Somewhere in America, a skinny, mangy cat, looking far older than its actual age, walks down a filthy, trash-strewn alleyway of a big city, looking for any scraps of garbage or discarded food it can possibly eat. It has learned that humans cause it nothing but pain and injury, and is constantly chased and targeted by rocks, bottles, anything that can be used as a missile. It will watch the rain as it puddles up on the grimy streets, and will never know the gentle touch of a loving hand.

Yes a lot of things will happen tonight, and some of them will be very bad. Right now, an automobile crash is happening and lives will be lost. Right now, an elderly woman lies in a hospital room, alone, with no one to hold her hand, her life slowly slipping away. Right now, a married couple will sit in silence in a neonatal intensive care unit and look at an impossibly tiny human form in an incubator, covered with wires and tubes and tape, taking short, labored breaths, and they will wonder why a merciful and loving God would do this to them and their firstborn.

These things, and a lot worse, will happen tonight. But since I try to be a "glass half full" kind of guy, I like to think that some good things will also happen.

I like to think that people are gathering together and sharing stories of the solstice, and of traditions and customs past, and forming bonds that will last a lifetime.

I like to think there are families where children are taught to accept everyone for the kind of person they are, rather than judge them on what color their skin is, or what kind of accent they speak with, or who they love, or how much money they make, or whether they worship a god or not.

I like to think we can live in a world where all children and animals are loved and wanted, and everyone has a home, enough to eat and medical care when needed.

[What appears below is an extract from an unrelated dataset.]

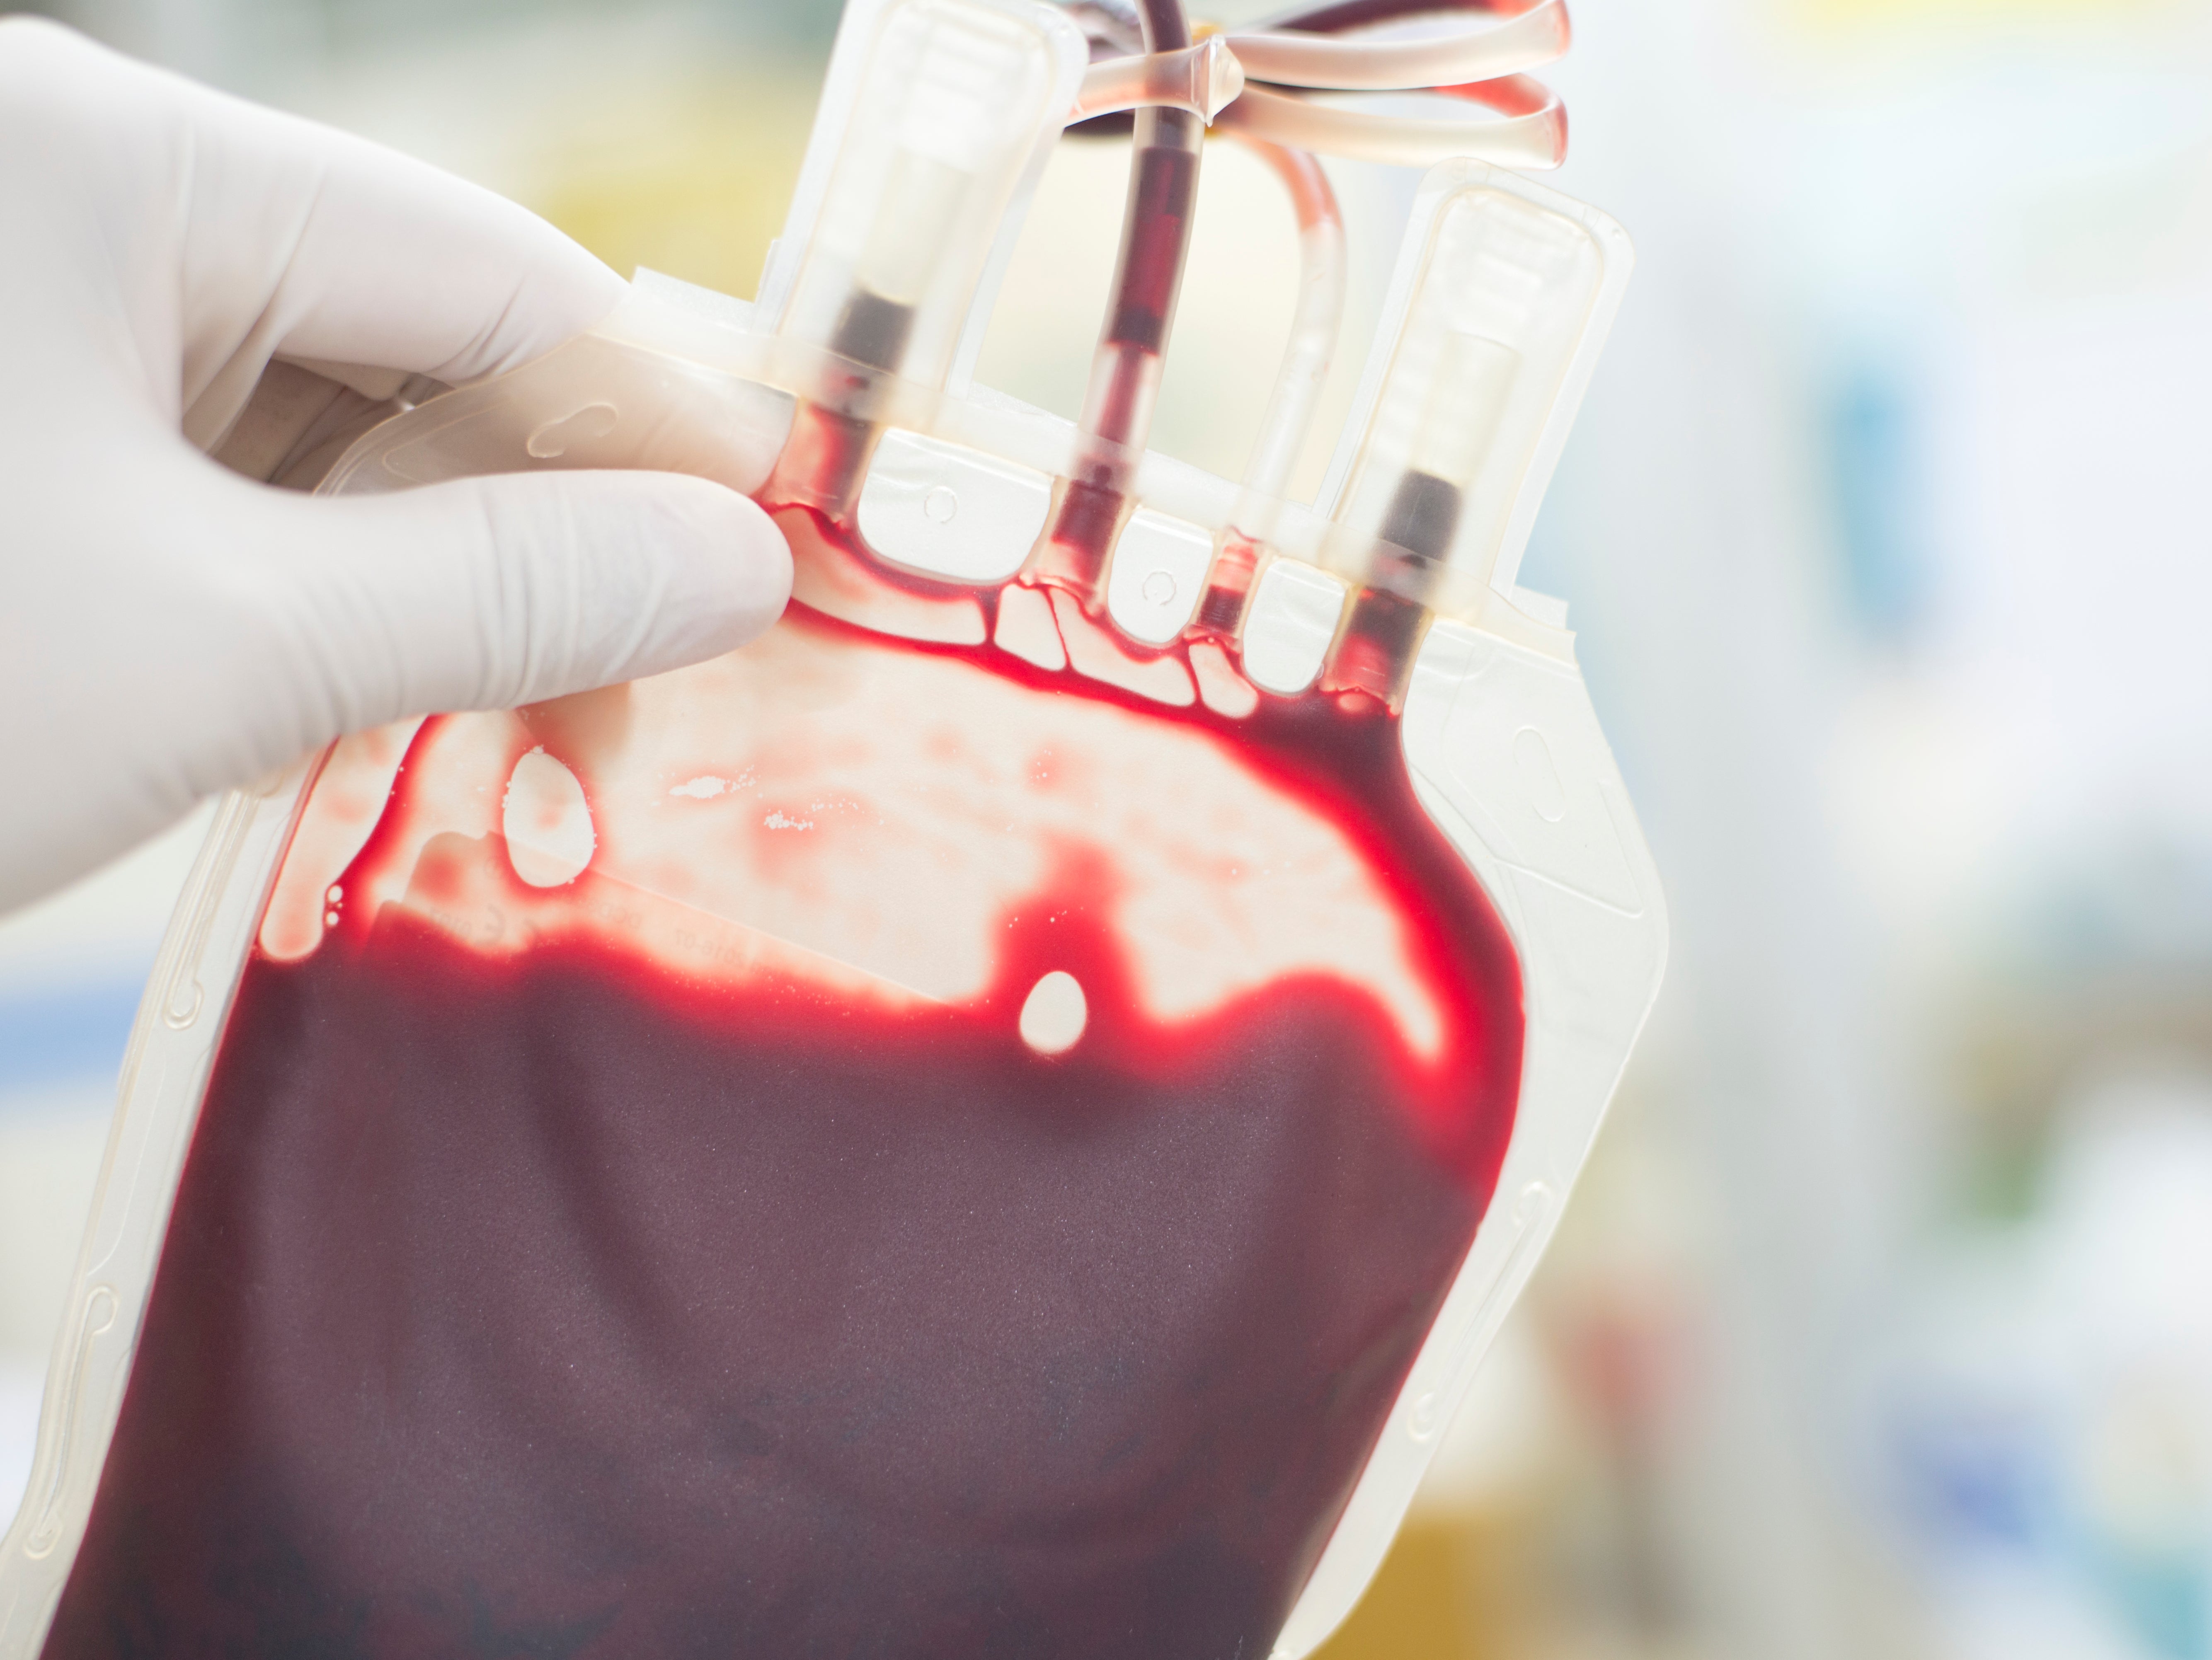 Thousands were infected with contaminated blood in the NHS treatment scandal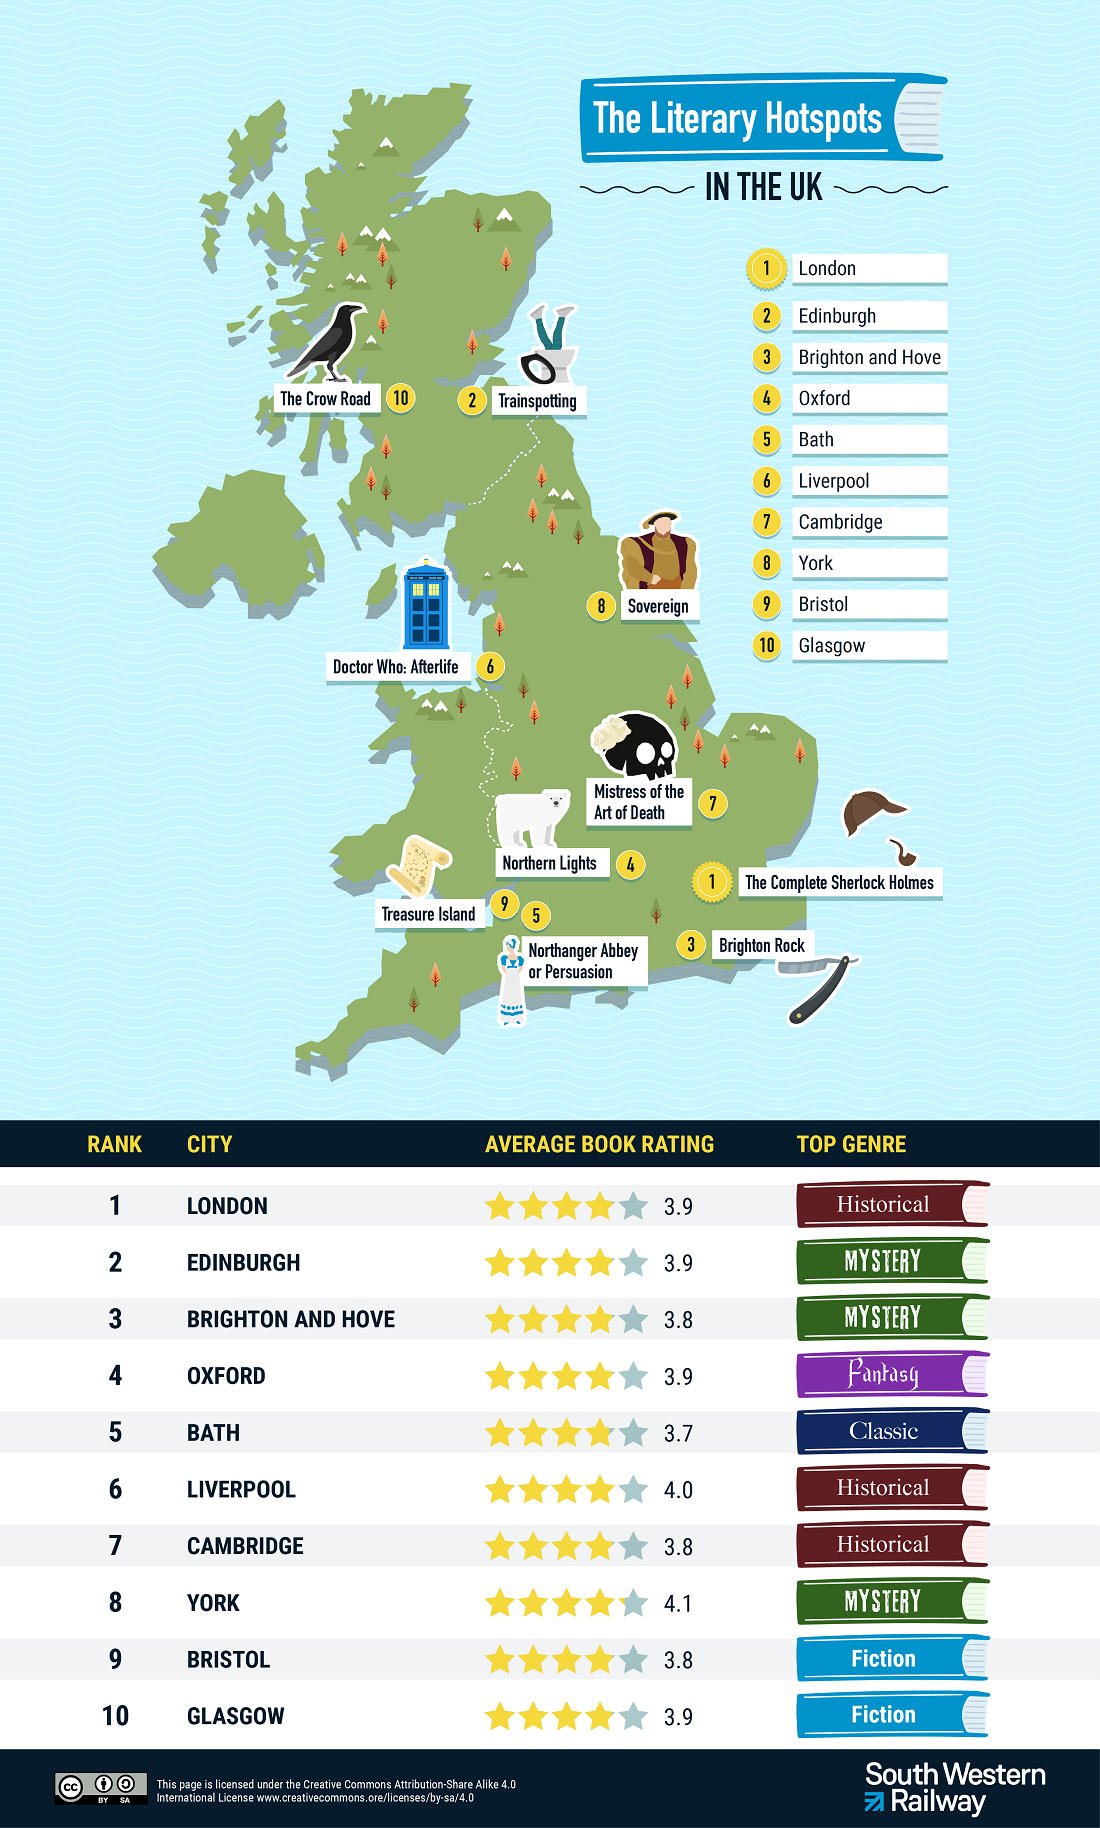 Discover the UK's top ten literary hotspots with SWR

I like to think there are people who are beginning to awaken to the understanding of the unimaginably vast universe in which we live, and how there are billions and billions of galaxies, each one containing many billions of stars, millions of which have planets similar to our own, and how some of them might harbor life with sentient beings who do as we do: look out into the vast starry expanse of a clear night and wonder if there's anybody else out there.

I like to think that not all people in the world are ignorant and bigoted and hateful, although so often it seems politicians, celebrities and athletes go out of their way in a very public fashion to prove otherwise.

I like to think that someday humans will rid themselves of the arcane, discredited and destructive notion that they are the superior form of life on this planet and all other forms are to be abused and exploited as we wish. I completely and utterly reject and condemn with every fiber of my being the Biblical idea that mankind has been given "dominion" over the earth. With each passing day, it's becoming more critical that mankind understands and accepts that it is a part of the immense web of life that exists on this planet, and we must coexist with every other life form. We have the ability to destroy this planet and with that comes the responsibility to make sure that doesn't happen. We have no right to ruin this planet for other life forms just because we're unable to control our primitive urges.

I like to think that we can create a world where people are freed from the tyranny of religion and are fully able to realize their true potential. I want to live in a world where laws are just and fair and rooted in compassion and mercy, instead of hatred, fear and antiquated superstition.

I wish we could take a little bit of the peace and serenity of this day and keep it close to us and nurture it, and find a way to make it last through the other 364 days.